Any pictures in the records below must be left out when you repeat the lines from the line containing "lincolnshire-wedding-photographer-1.jpg" through the line containing "4.26.14 Penn Township Crash" exactly.

• MATERIAL FOR THE TASK:
====================
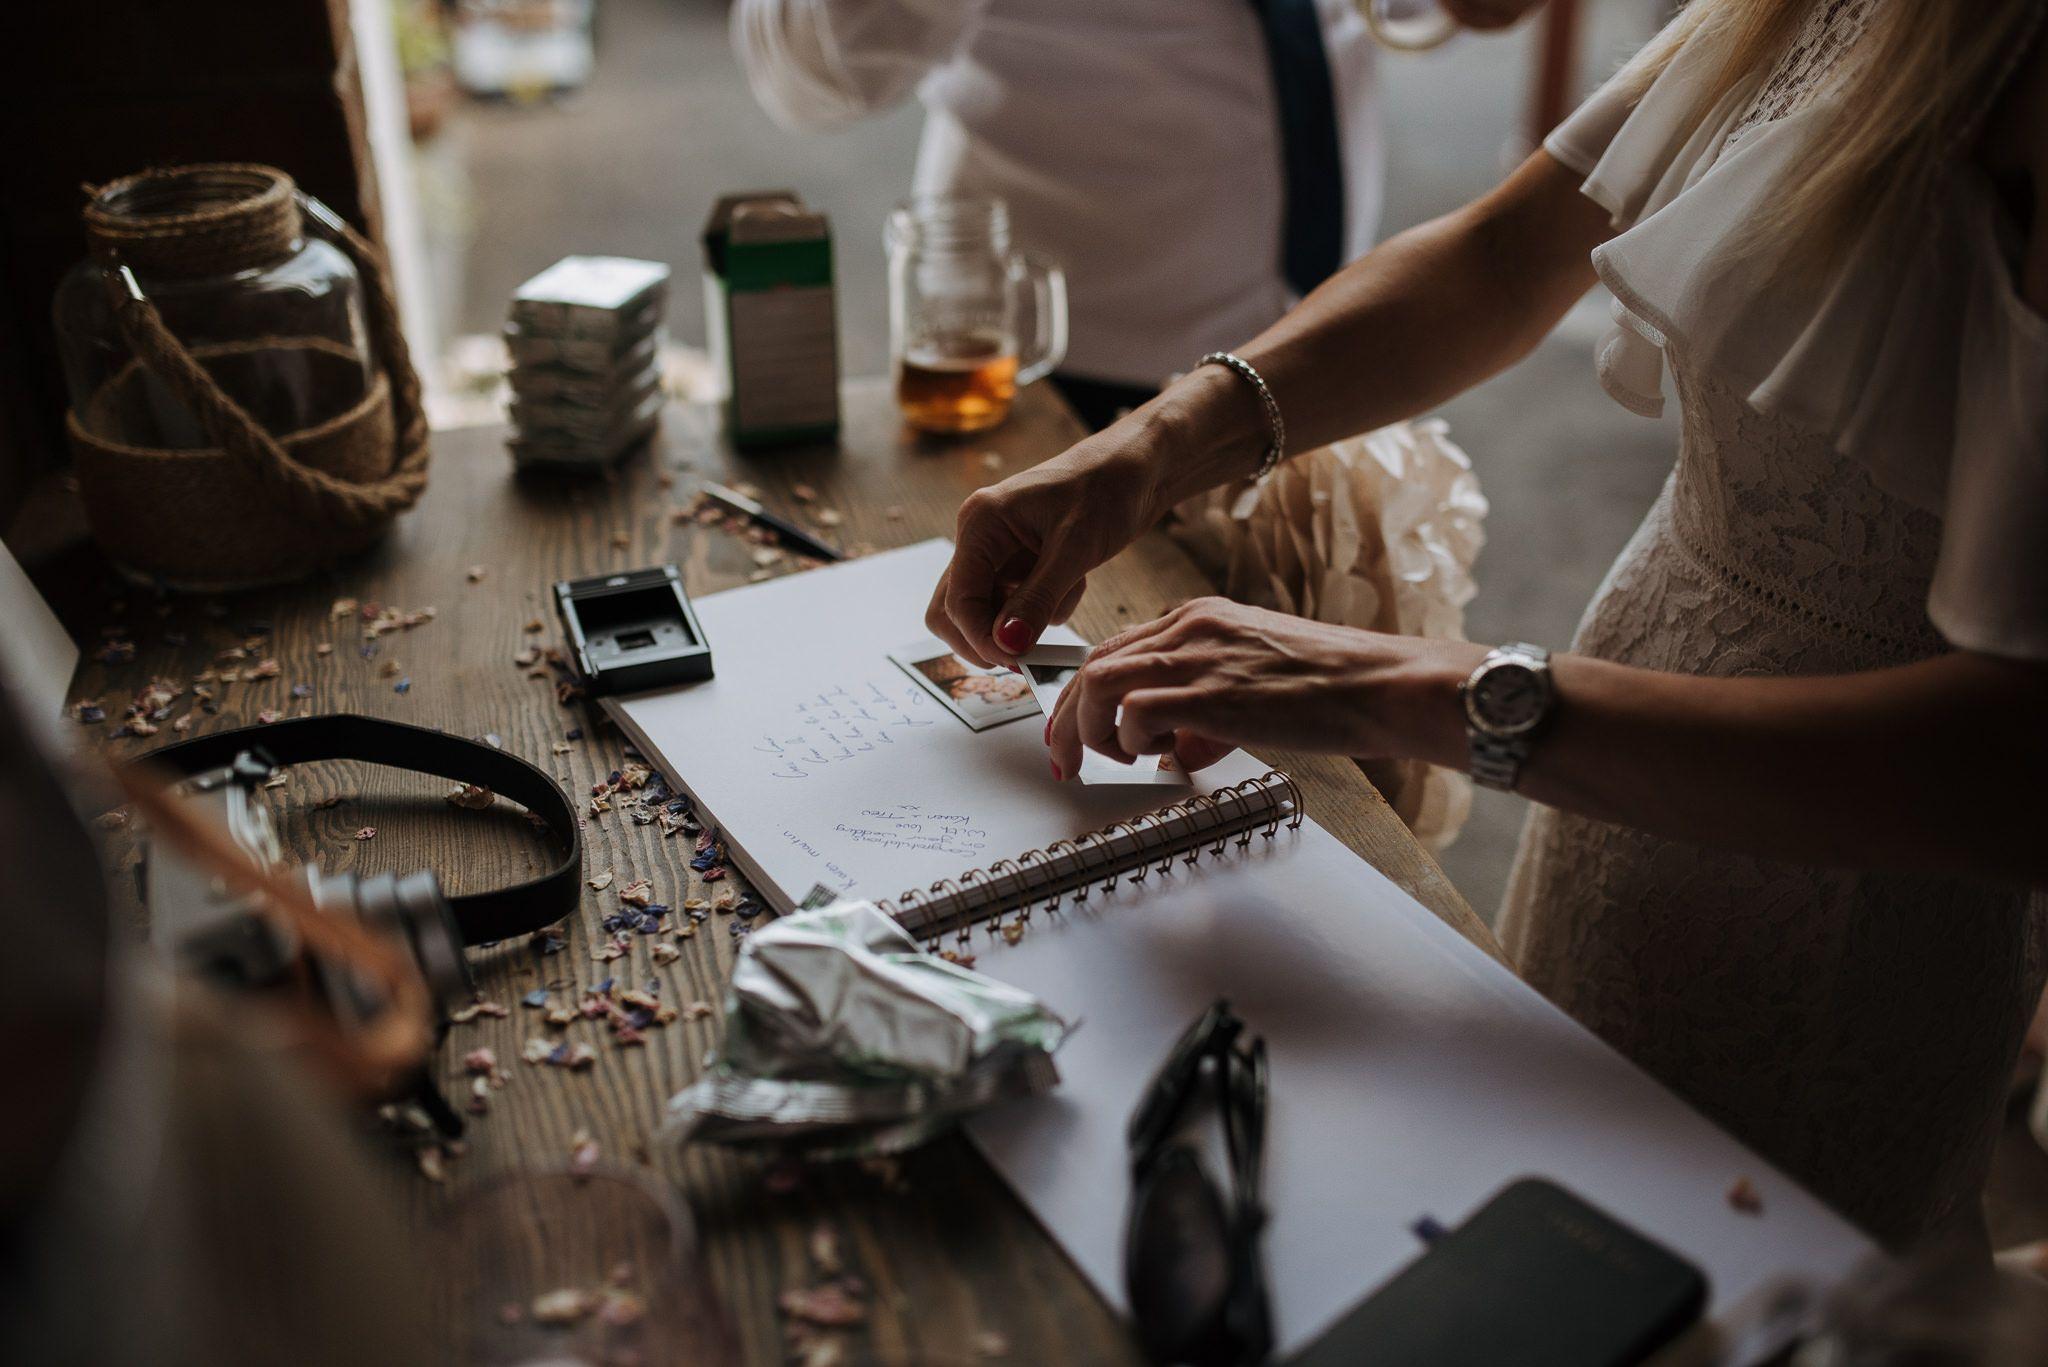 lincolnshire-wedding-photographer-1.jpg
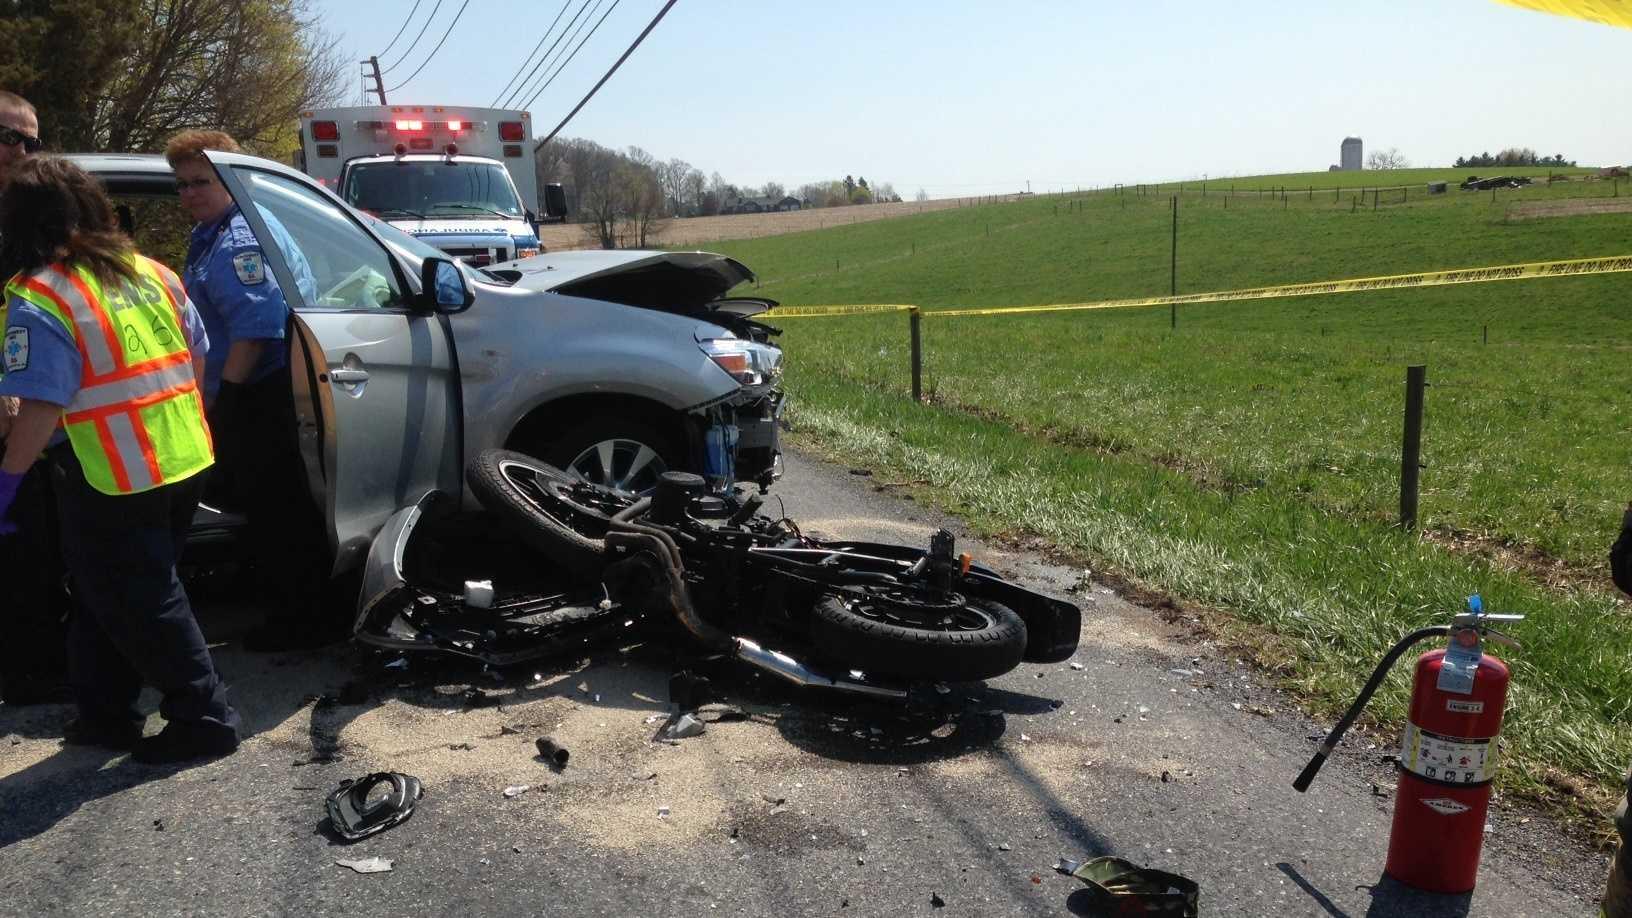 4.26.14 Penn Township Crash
====================
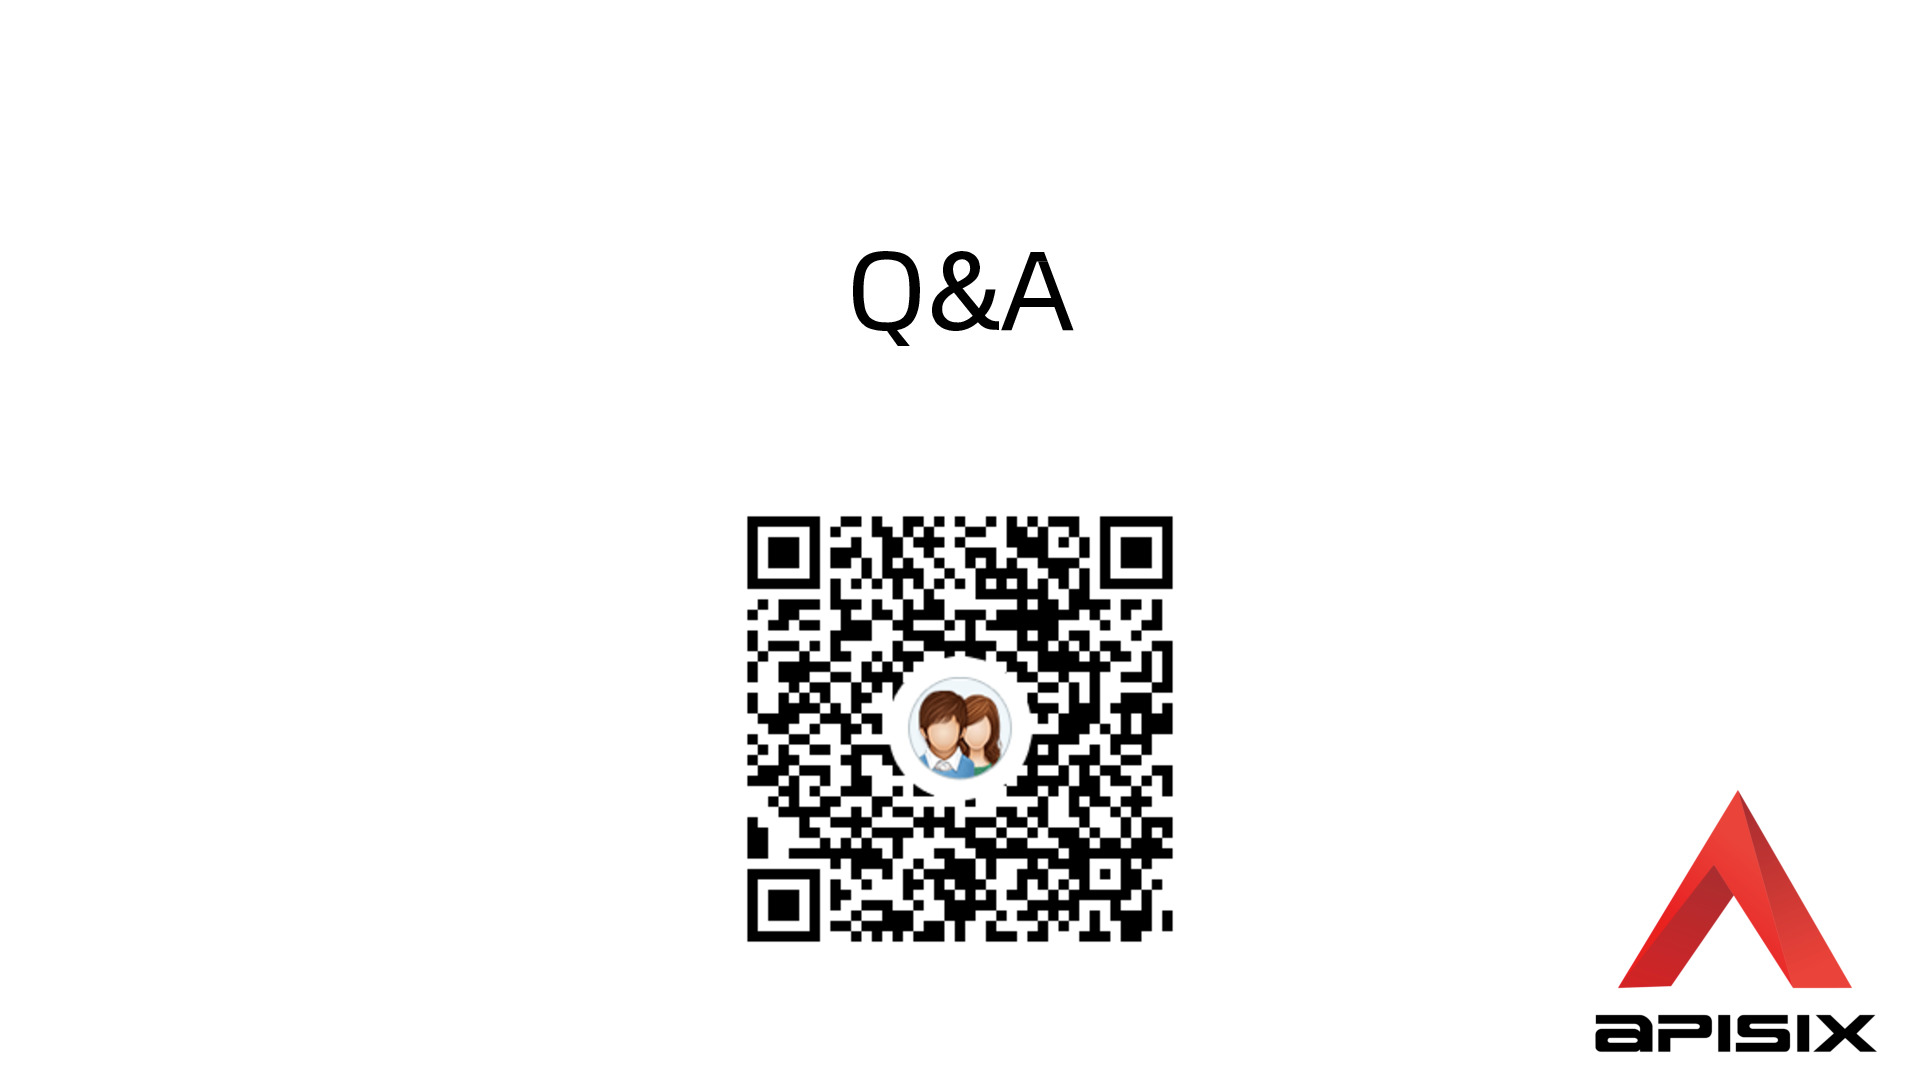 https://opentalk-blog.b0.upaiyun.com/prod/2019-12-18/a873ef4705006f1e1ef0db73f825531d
====================
• RESPONSE TO THE TASK:
 lincolnshire-wedding-photographer-1.jpg
 4.26.14 Penn Township Crash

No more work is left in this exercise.